Roam went into the new marina at the north point of Crooked Island on the last calm day. We two sailboats sailed east across the bight the next day in W winds to try and get protection from the N winds to come. With 25 kts of wind behind us, we just put out the genoa and had a speedy downwind run for the 25 nautical miles across the bight.
The entire bight is quite shallow (~8’), so once tucked in on the Acklins side, we could only get to about 1 to 2 nm from any land. The problem with our anchorage soon became apparent when our already shallow depth started dropping and never came back up with the tide.
We realized that if we stayed there for the extended four day blow, we could become stuck 25 nm deep into the bight, potentially without enough water to anchor or get back out if water kept blowing out of the bight.
So, the next morning after the winds had shifted to NNW > N > NNE overnight as predicted, we sailed another genoa run back to the Crooked Island side of the bight.
Here again, we could only anchor within 1.5 nm from any land, but at least we were near an ocean inlet that kept the water level replenished with no worry about getting stuck, plus a clear exit from the bight if things got bad. Three Brazilian monohulls came around from the thorny west side and anchored behind us (about 0.5 nm or more due to depth).
Over the next three days, the winds shifted more to the NE (60-70˚) and stayed above 30 kts (!!). The wind and chop were annoying, but the shallows in front of us prevented big waves and were not too uncomfortable on the bow…. At least we were all safe & spent the days watching movies.
At this stage, the Landrail Point anchorage on the top northwest peak of Crooked Island would be an option; however, it would still be a beat into the wind to get there. When the winds dropped to 20 kts, which felt relatively calm, we sailed around Long Cay and up the west coast to the northern anchorage of Crooked Island (thank you, daggerboards!).
This anchorage has spectacular views of Bird Rock Lighthouse, crystal clear waters and white beaches, with an indigo blue ocean drop-off visible right behind the anchorage. Mark and Dustin trolled the drop-off and caught cero mackerel, which resulted in yummy fish & chips and sushi. There were nice spearfishing reefs nearby as well, so lobster and fish stayed on the menu.
When winds shifted more to the prevailing SE, Mark and I explored the Atwood harbor anchorage on the northeast side of Crooked Island.
The bay was gorgeous and there were more birds to be found. The water was noticeably greener than the west side due to many inland bays emptying out. A barrier reef had some interesting structure and areas of old reef to explore.
Eventually, we returned to meet Elpis and we had another weather event. A twister formed nearby, which we noticed as it flushed some birds onshore. It then turned into a low waterspout headed right for our anchored boats!

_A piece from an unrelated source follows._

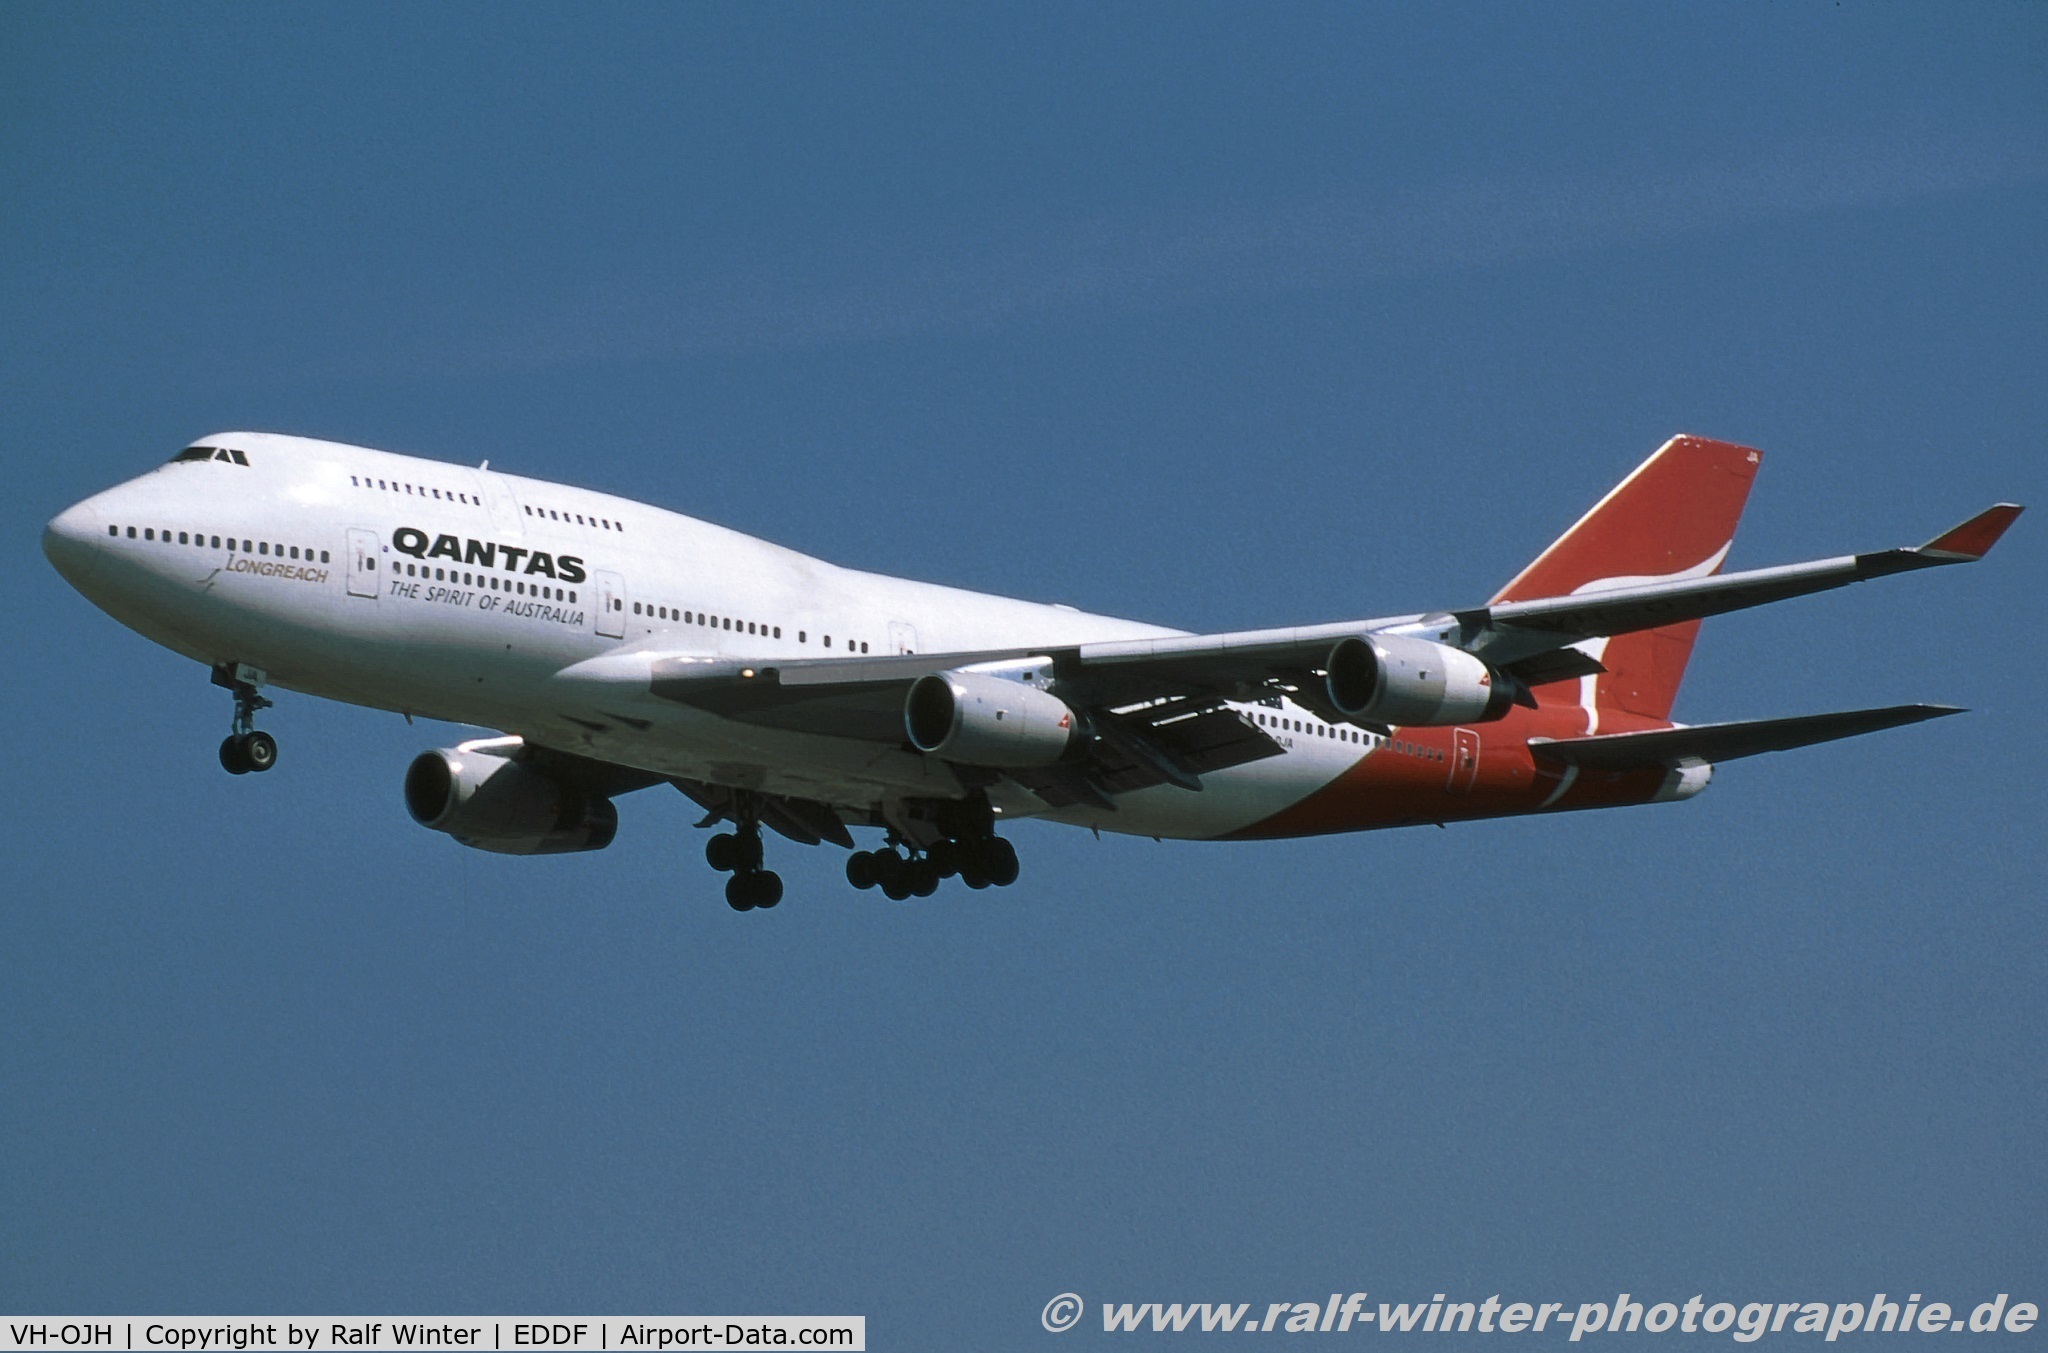 VH-OJH, 1990 Boeing 747-438 C/N 24806, Boeing 747-438 - QF QFA Qantas 'City of Darwin' - 24354 - VH-OJA - 1998 - FRA

As we all quickly braced ourselves and stowed loose gear and canvas, Elpis took a hit in the cockpit as we watched helplessly. Their boat swung sharply as they got sprayed with water and blown around. They saw 30 kts at the masthead, but the wind was likely much more on the surface. All of their new canvas stayed onboard, so all was well after a few long seconds.
Before leaving the area, we treated ourselves to lunch at Gibson’s, where Willie made us feel right at home.
It was our first meal eating out in over a year.
After consuming so much fish lately, we each opted for the fried chicken and all tasted amazing.
After 3 weeks in the Crooked Acklins we set for departure in the prevailing SE winds. We survived the big blow and waterspout of 2021 and earned our T-shirts! It was a memorable and overdue visit here for us and an area to which we’ll definitely return.